§ **What you will do**
In the data below, set down exactly the lines from the one containing "A pair of waterfowl" up to and including the one containing "Men's Black and". Leave the pictures out.

§ **Exercise inputs**
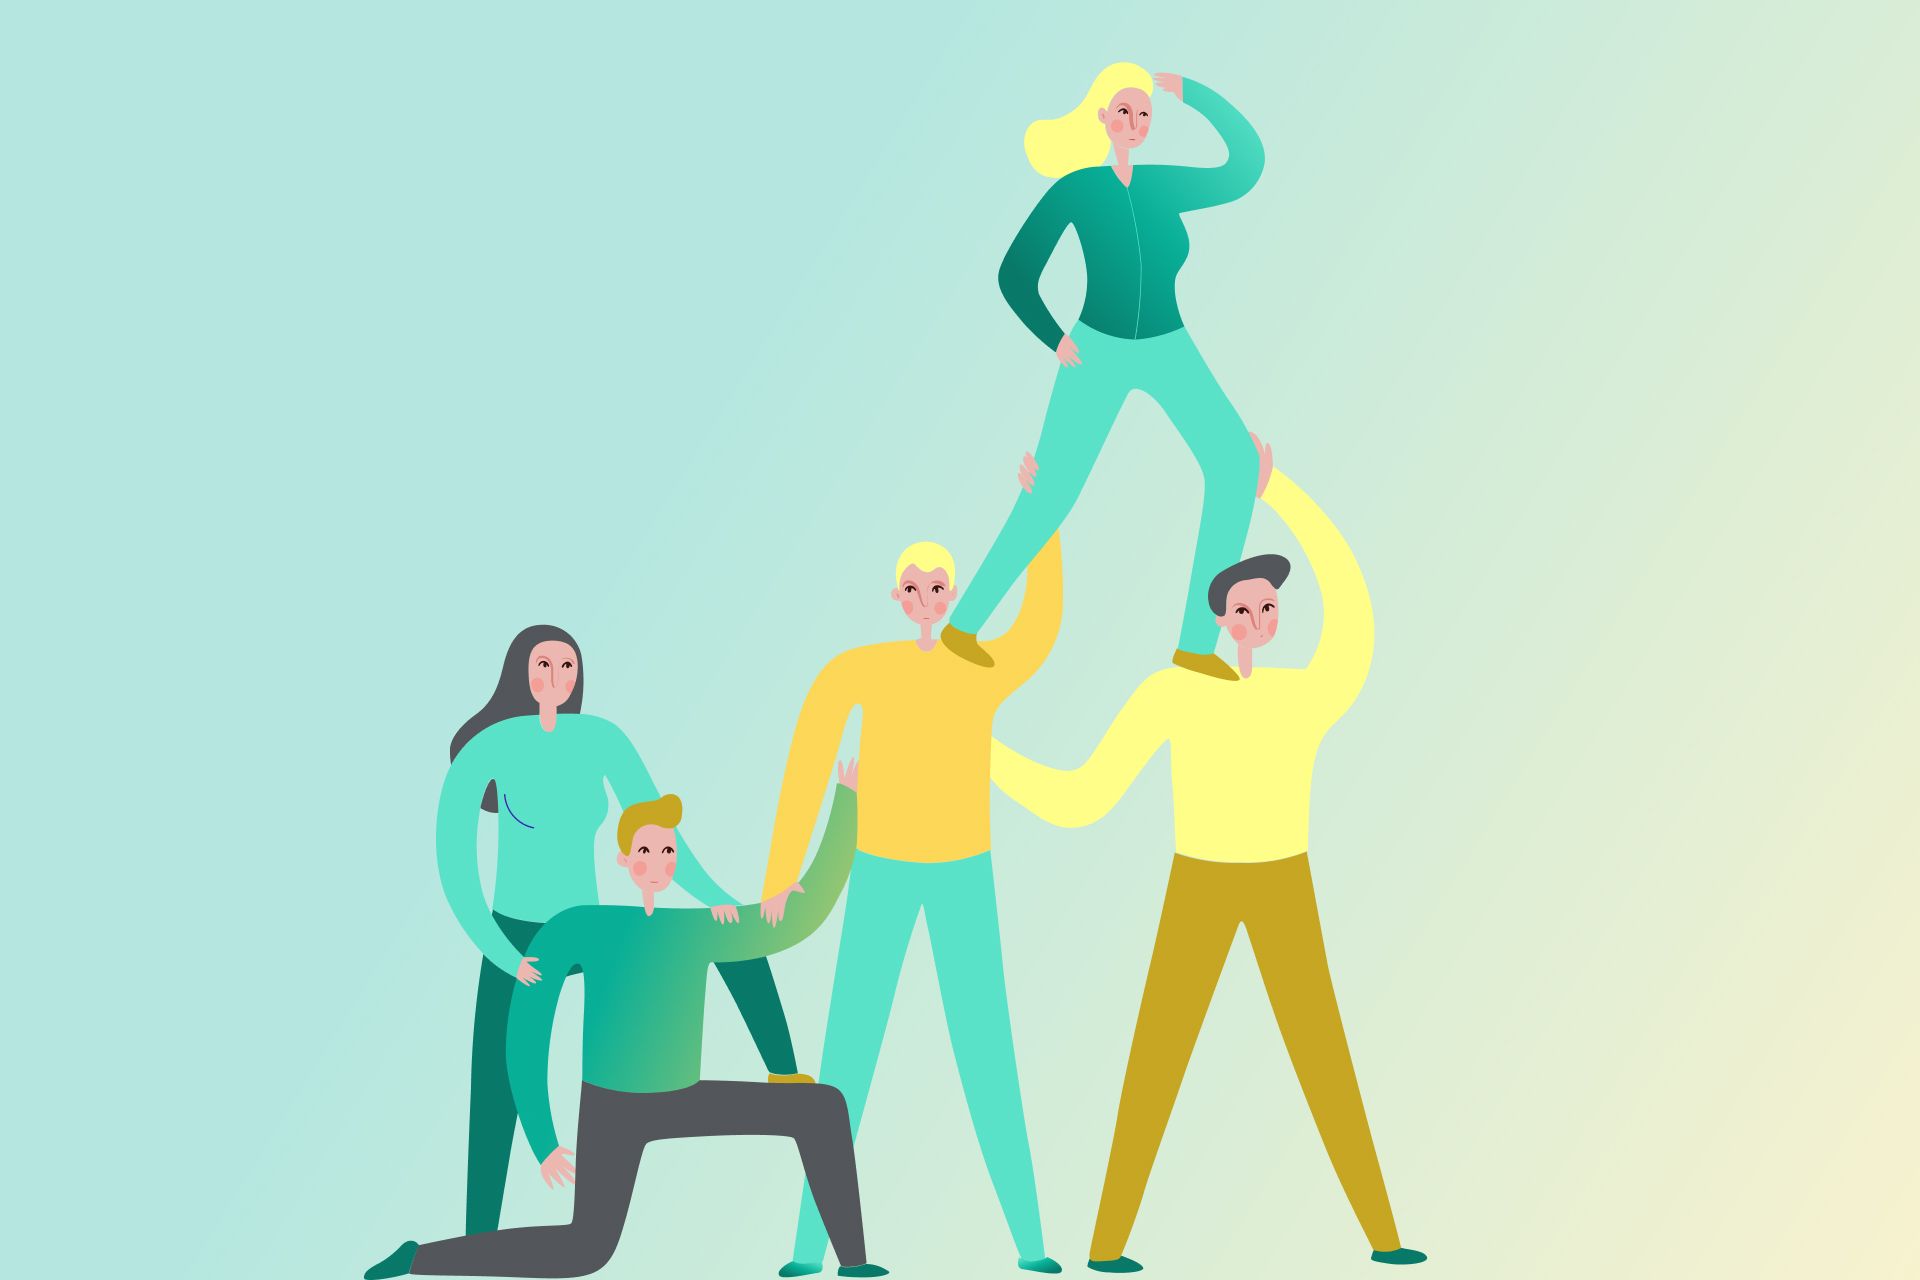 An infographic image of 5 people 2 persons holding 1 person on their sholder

* * *

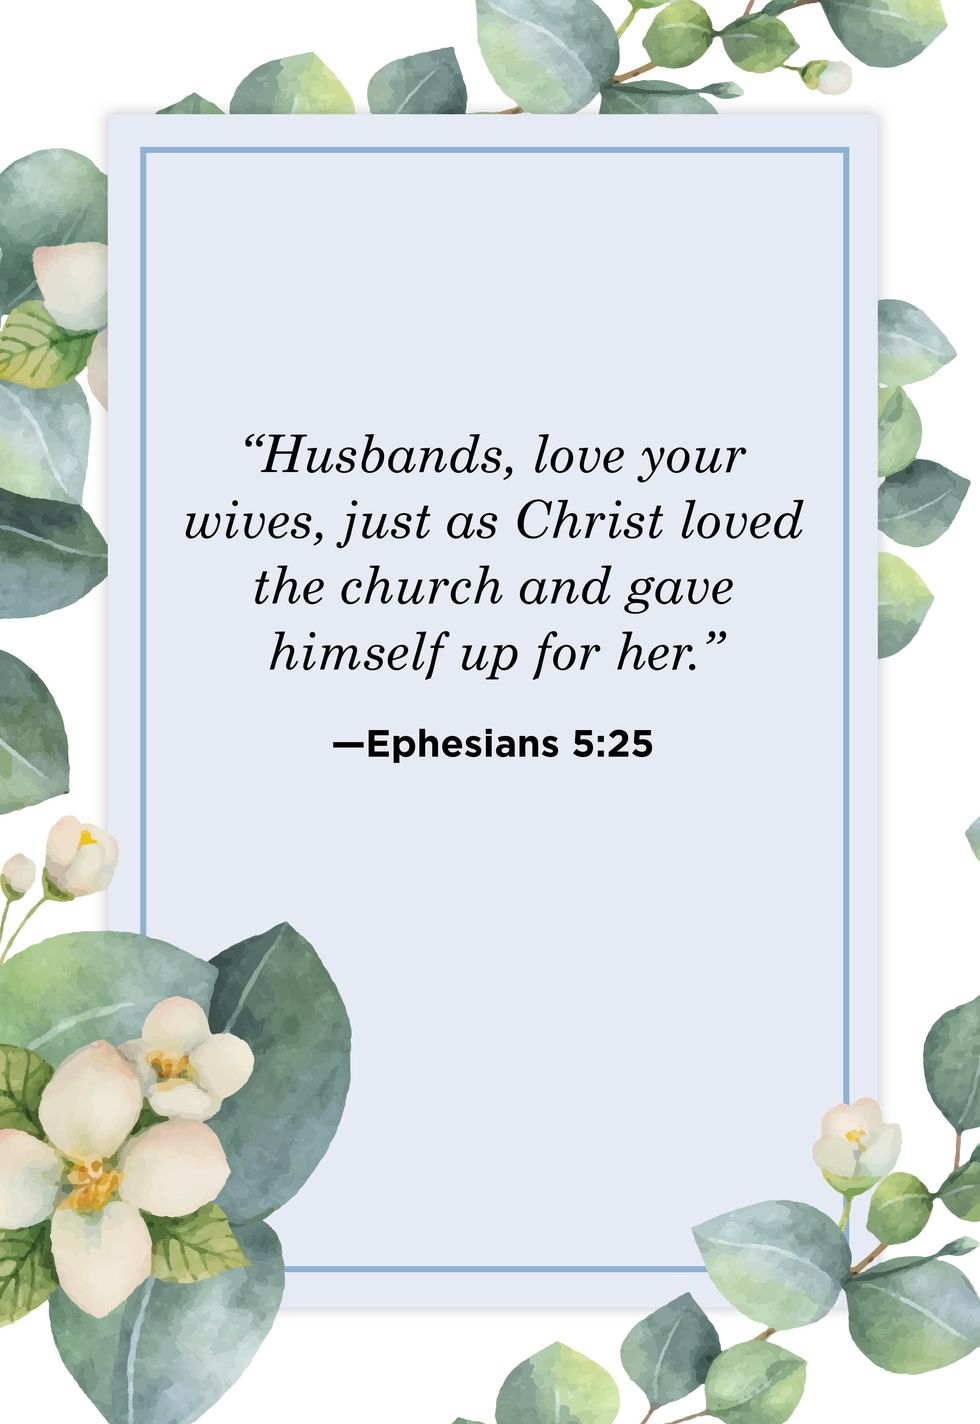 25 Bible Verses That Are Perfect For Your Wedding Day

--

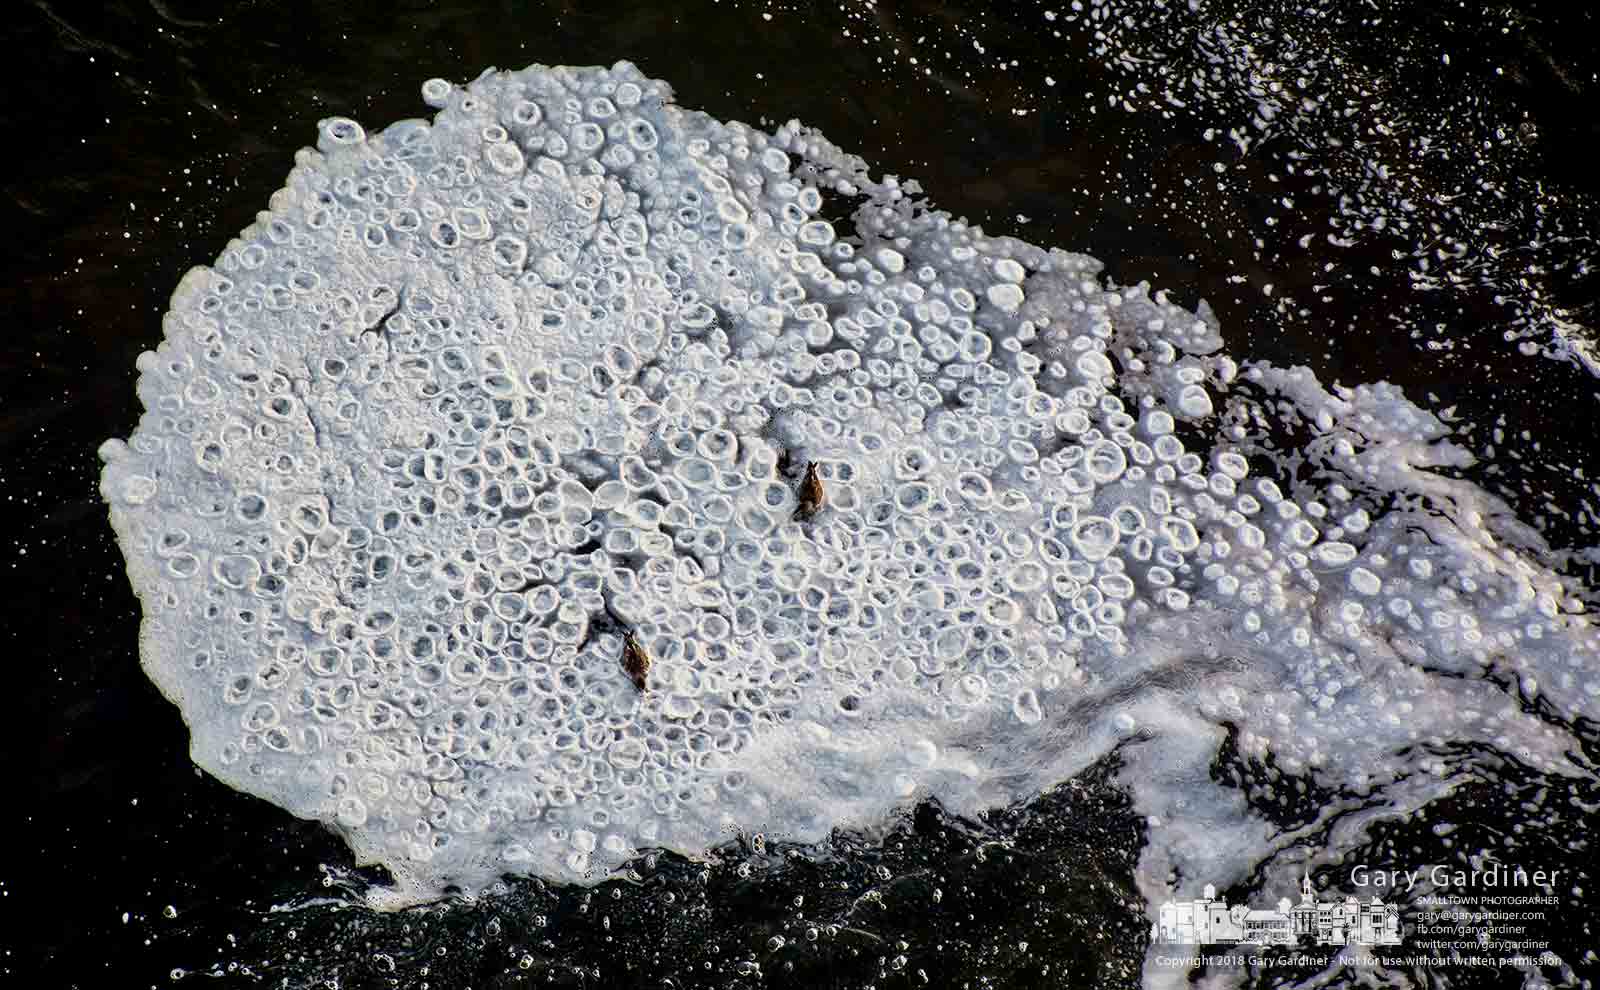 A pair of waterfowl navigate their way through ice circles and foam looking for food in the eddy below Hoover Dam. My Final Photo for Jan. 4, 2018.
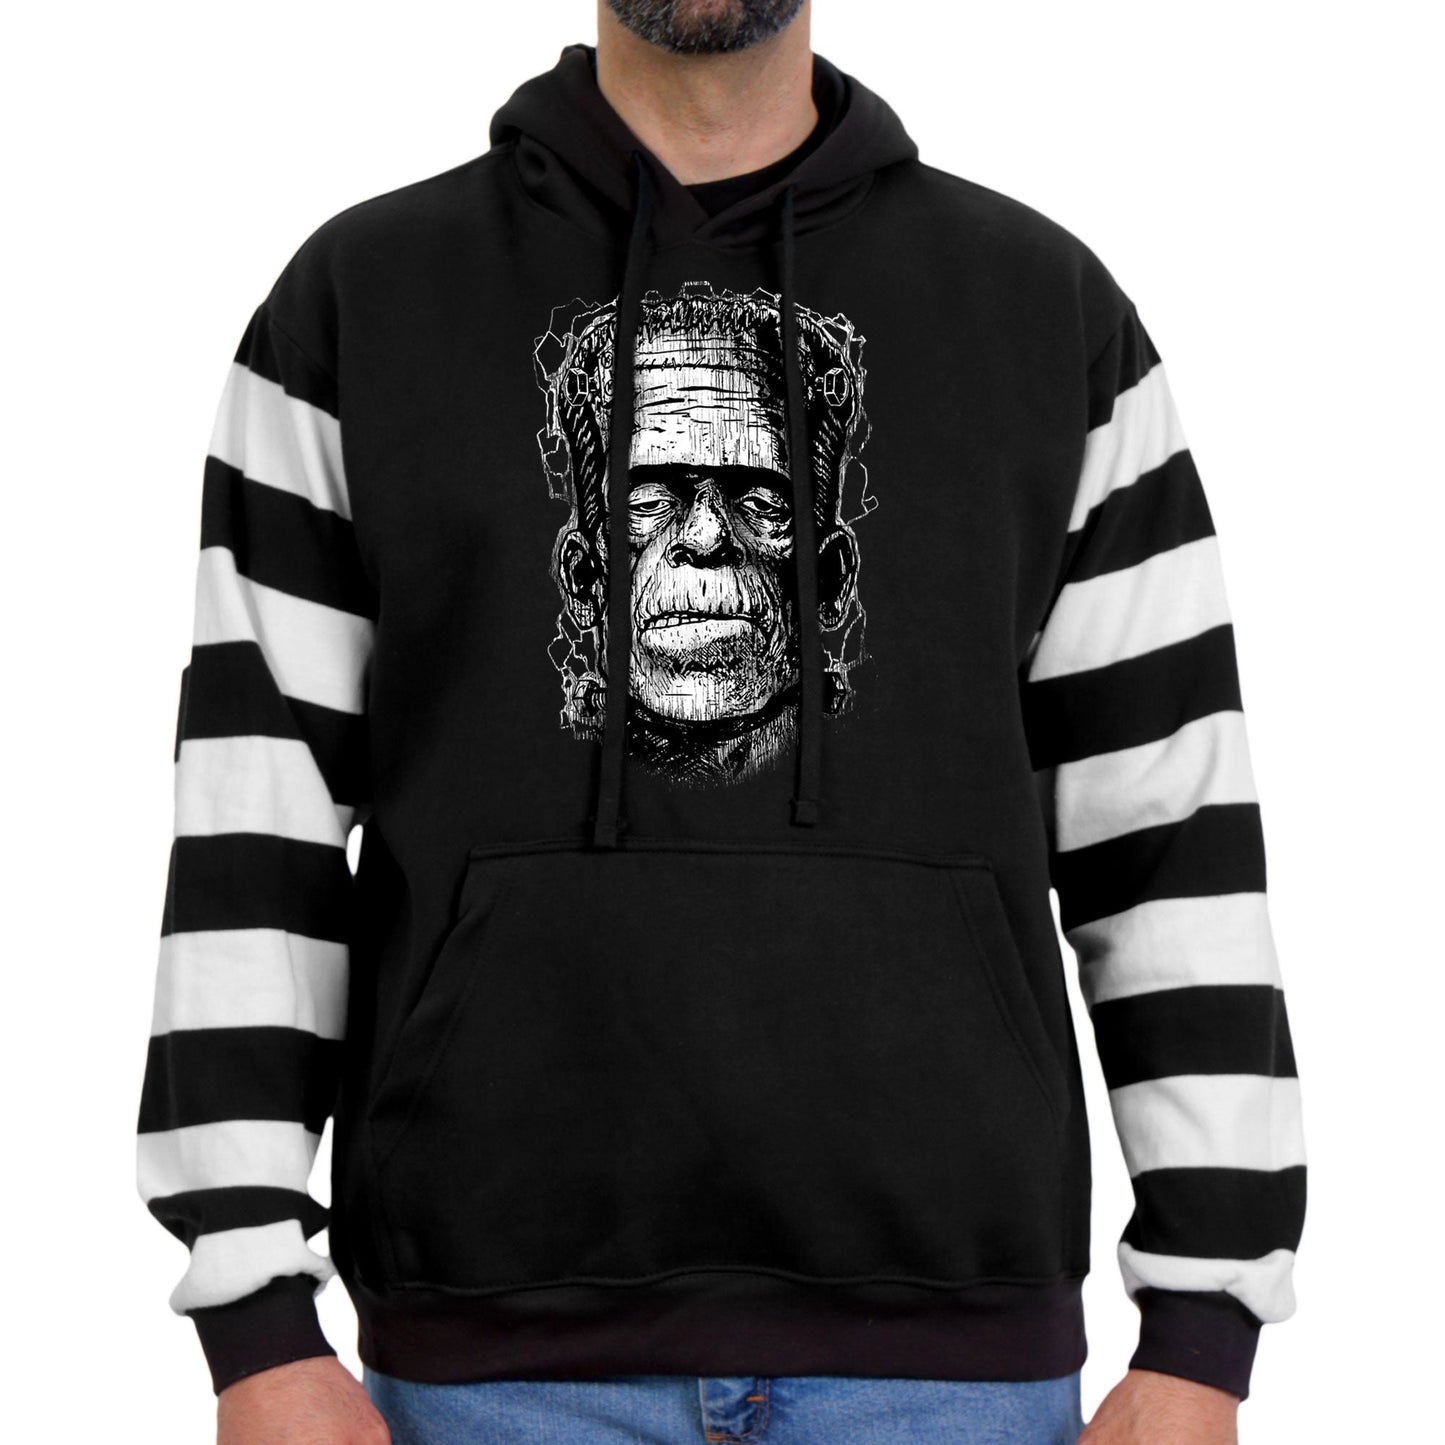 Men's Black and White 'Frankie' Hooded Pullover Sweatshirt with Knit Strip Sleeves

§ **Response below**
 A pair of waterfowl navigate their way through ice circles and foam looking for food in the eddy below Hoover Dam. My Final Photo for Jan. 4, 2018.
 Men's Black and White 'Frankie' Hooded Pullover Sweatshirt with Knit Strip Sleeves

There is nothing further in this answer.